Table 3. Criteria for serological diagnosis of an acute viral infection (requires a change between acute and convalescent serology)15
Acute serology | Convalescent serology |
IgM+ and IgG– |
IgM+ and IgG+ |
IgM– and IgG– |
IgM+ and IgG+ |
IgM+ and IgG– |
IgM– and IgG+ |
Or a 4-fold increase in paired serology tests |
Specific testing for viral arthritis is indicated if treatable diseases are suspected on the basis of the clinical picture (such as HCV or HIV), or when reassurance is important. As both RRV and BFV are notifiable diseases in Australia, a serological diagnosis should be made if the clinical suspicion is high. Routine screening for all potential arthritogenic viruses is not advised.
General treatment
Viral arthritis that has been evident for less than 6 weeks is treated symptomatically. Nonsteroidal anti-inflammatory drugs (NSAIDs) are the mainstay of treatment. The potential benefits of NSAIDS should be weighed up against their potential risks. It is essential to provide reassurance to the patient that the symptoms are self-limiting and unlikely to develop into a serious condition, such as RA, or cause joint destruction or disability. The use of corticosteroids is to be discouraged unless there are troublesome symptoms and contraindications to NSAIDs, or where a brief course of low dose (<10 mg of prednisone daily) may be reasonable.
When to refer
Specialist referral for acute viral arthritis is rarely needed. It should be considered when arthritis persists beyond 6 weeks, where an early inflammatory arthritis such as RA is suspected or where investigation results are ambiguous or inconsistent with the clinical findings. Patients with suspected HIV, HBV or HCV may also benefit from specialist referral.
Key points
- Viral arthritis is typically self-limiting and requires no specific intervention.

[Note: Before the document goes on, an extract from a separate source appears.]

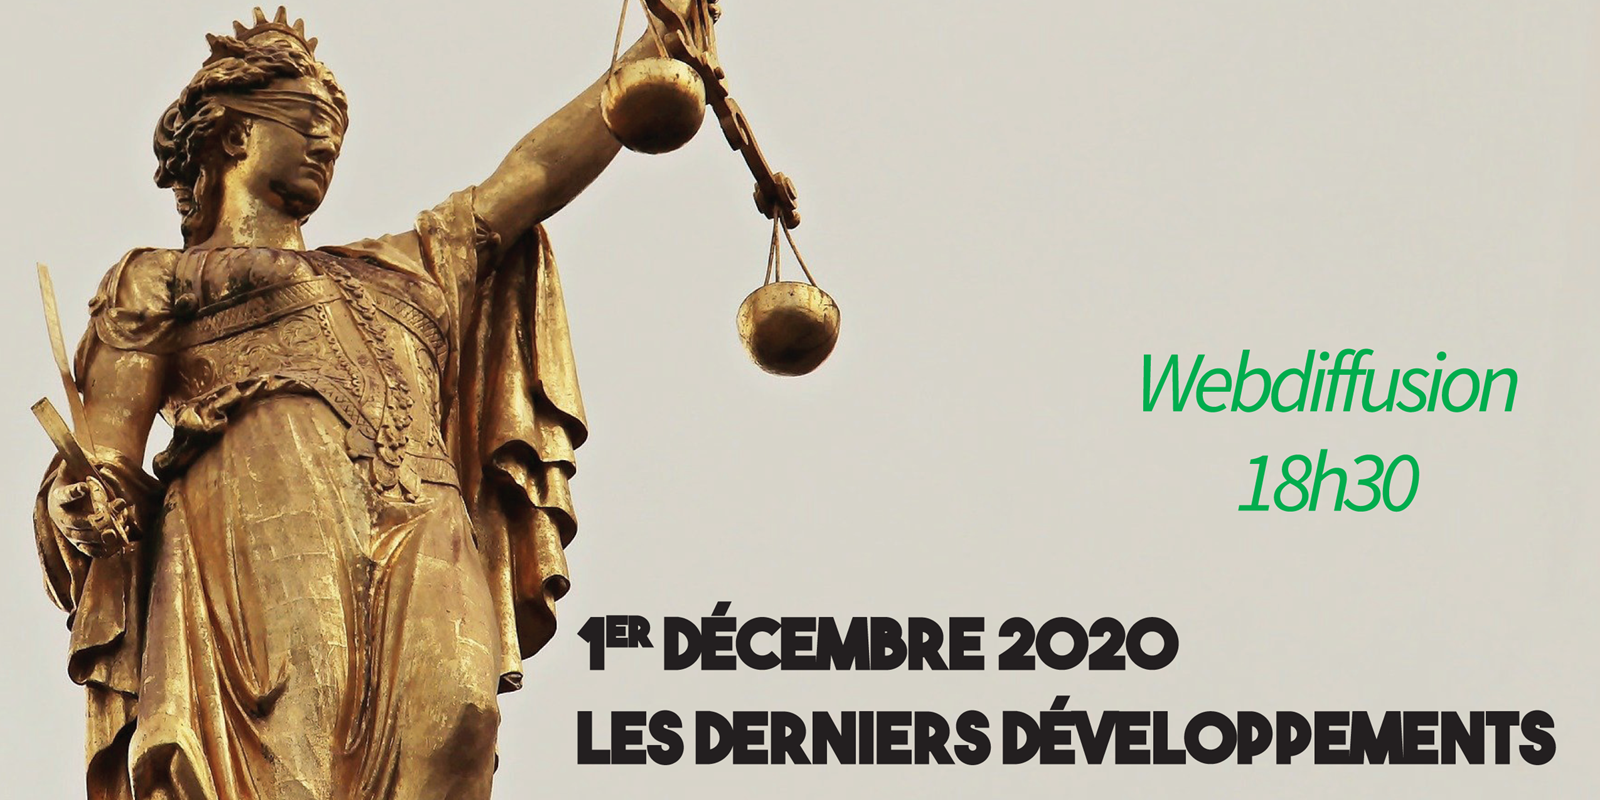 1e décembre 2020 - Les derniers développements en droit locatif

- Arthritis may be a manifestation of an important treatable viral infection, such as hepatitis or HIV.
- Some viruses have a predilection for the joints and result in prolonged symptoms.
- Early systemic inflammatory arthritis can be difficult to differentiate from viral arthritis and should be actively considered in all patients.
Competing interests: None.
Provenance and peer review: Commissioned; externally peer reviewed.